正確にはアルの奥さんがフルボッコにしたらしいが、別にそれまで説明する必要もないだろう。それにしても勇者が撃退したって……あれほど俺は違うと言ってるんだけどなぁ
確かに勇者が撃退したと言った方が人々に希望を抱かせるとは思うから仕方ないのだが、俺としては微妙だ……国の勇者召喚でこの世界に来たとはいえ、国の為に働くつもりなんてないからな。あの時もたまたま大切な人間が危険に晒されそうだから動いただけだし、完全に成り行きだ。
そんな感想を抱いていると、エヴィとクルエの二人はどういう訳か、先ほどまでの態度とは違いどこか畏敬の念を抱いているような様子で畏まっている。
「知らなかったとは言え、失礼な態度を取ってすんませんでした!」
「まさかこの国を救ってくれた英雄だったなんて……改めてイチヤ様には誠心誠意お使いする事を誓います」
エヴィとクルエが深く頭を下げそんな態度を取っているのを呆れた表情で見ながらため息を吐く。
「いや、そんな畏まらなくて良いから普通にしてくれ。俺としては国を救いたいなんて高尚な理由で戦ったわけじゃないし、もしこの世界に来てそんな力がなかったらきっと真っ先に逃げていた。たまたま戦う力があって大切な人間を守りたかったから動いただけだ。だから今まで通りにしてくれ。その方が俺としては楽だからな」
「「でも」」
「はぁ……あまり使いたくないんだけど、じゃあ俺に仕えてくれる二人に”命令”だ。普通にしててくれ」
頼み事ならするが、命令なんてのを人にするのはあまり好きではなかったのだが、このままでは崇拝されそうな雰囲気があったのでそう命令しておく。

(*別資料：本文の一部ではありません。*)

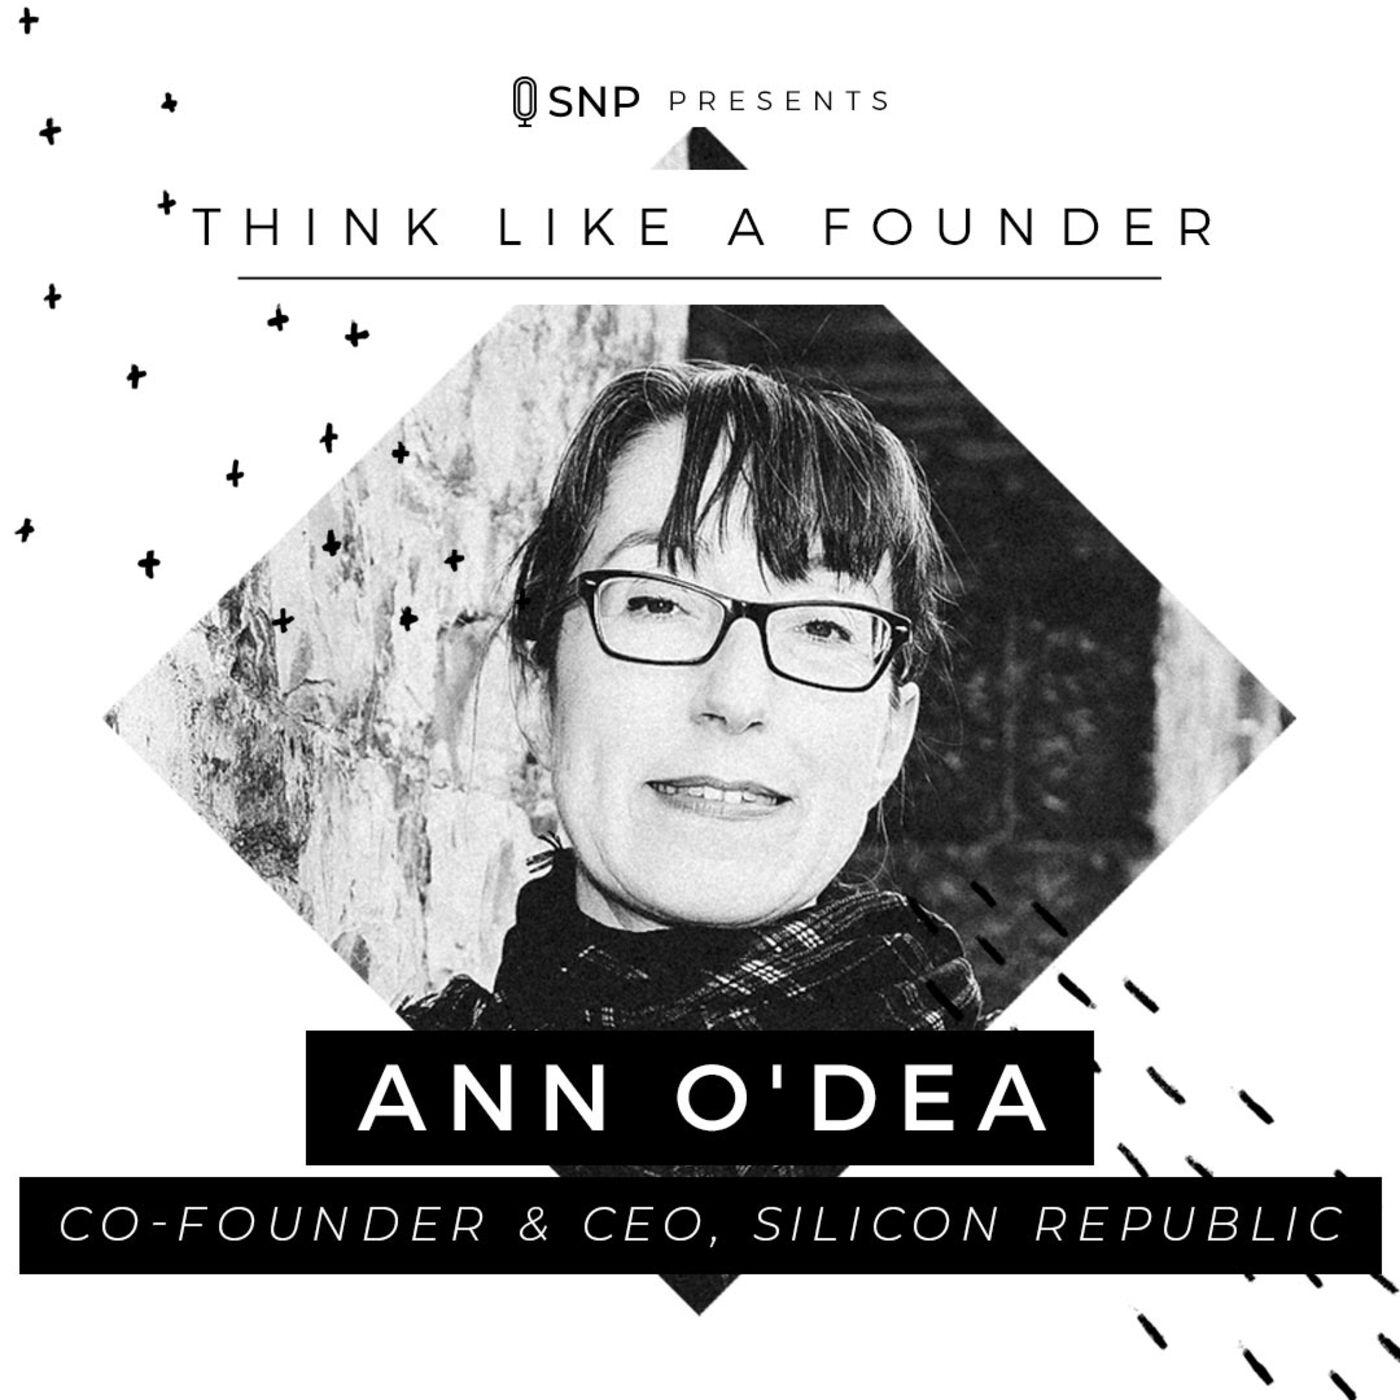 013: Ann O'Dea - Co-Founder and CEO of Silicon Republic

それに対して二人は仕方なさそうな感じで少し姿勢を崩して俺を見ている。
俺の嫌そうな顔を見て納得してくれたようで何よりだ。
「とりあえず説明するとしたらこんなところか。あと……エヴィ、クルエ」
「「は、はい!」」
「だからそんな緊張しなくて良いってぇの」
「すまん……」
「すみません……」
「それで良い。エヴィの住む場所はこの空いている牢屋だ。クルエに関しては他のメイド達と同様に空いている部屋を使ってくれ。たぶん昨日使った部屋をそのまま使ってもらう形になるだろう」
「わかりました」
クルエが微笑みと共に納得してくれたのを確認して俺も一つ頷いたのだが、エヴィの方は不満があったようで俺を見て申し訳なさそうにしながらも声を発する。
「イチヤには妹を助けてもらったし、獣人族の襲撃からも救ってもらった。前よりも良さそうな生活を送らせてもらえそうな事に感謝している……でも……どうして俺は牢屋なんだよ?!そこだけは納得できねぇよ!」
「何が不満なんだか……エヴィ……理解に苦しむ」
「あれ?!俺が悪い流れ!???」
「良いかエヴィ」
「なんだよ?」
俺は呆れ交じりの表情を浮かべてエヴィを諭すような声で彼の名を呼ぶ。その光景を見てアルは何か言いたそうだが黙っている事にしたようだ。
「確かにここは牢屋だ。だけど住んでみればわかる。ここがいかに快適なのかをな」
「いや、わかりたくねぇから!」
「ちょっと手を伸ばせば欲しいものに手が届くし、可愛いメイド達が上手い料理を作ってくれるし、何より一日だらだらしていても誰にも咎められる事がないんだ!こんな素晴らしい生活が他にあろうか……いやない!」
「それ牢屋じゃねぇだろ!ってか最後の部分はお前だけだからな!?」
エヴィの突っ込みを無視していかに素晴らしい場所なのか語って聞かせたのだが、なぜか納得してもらえなかった。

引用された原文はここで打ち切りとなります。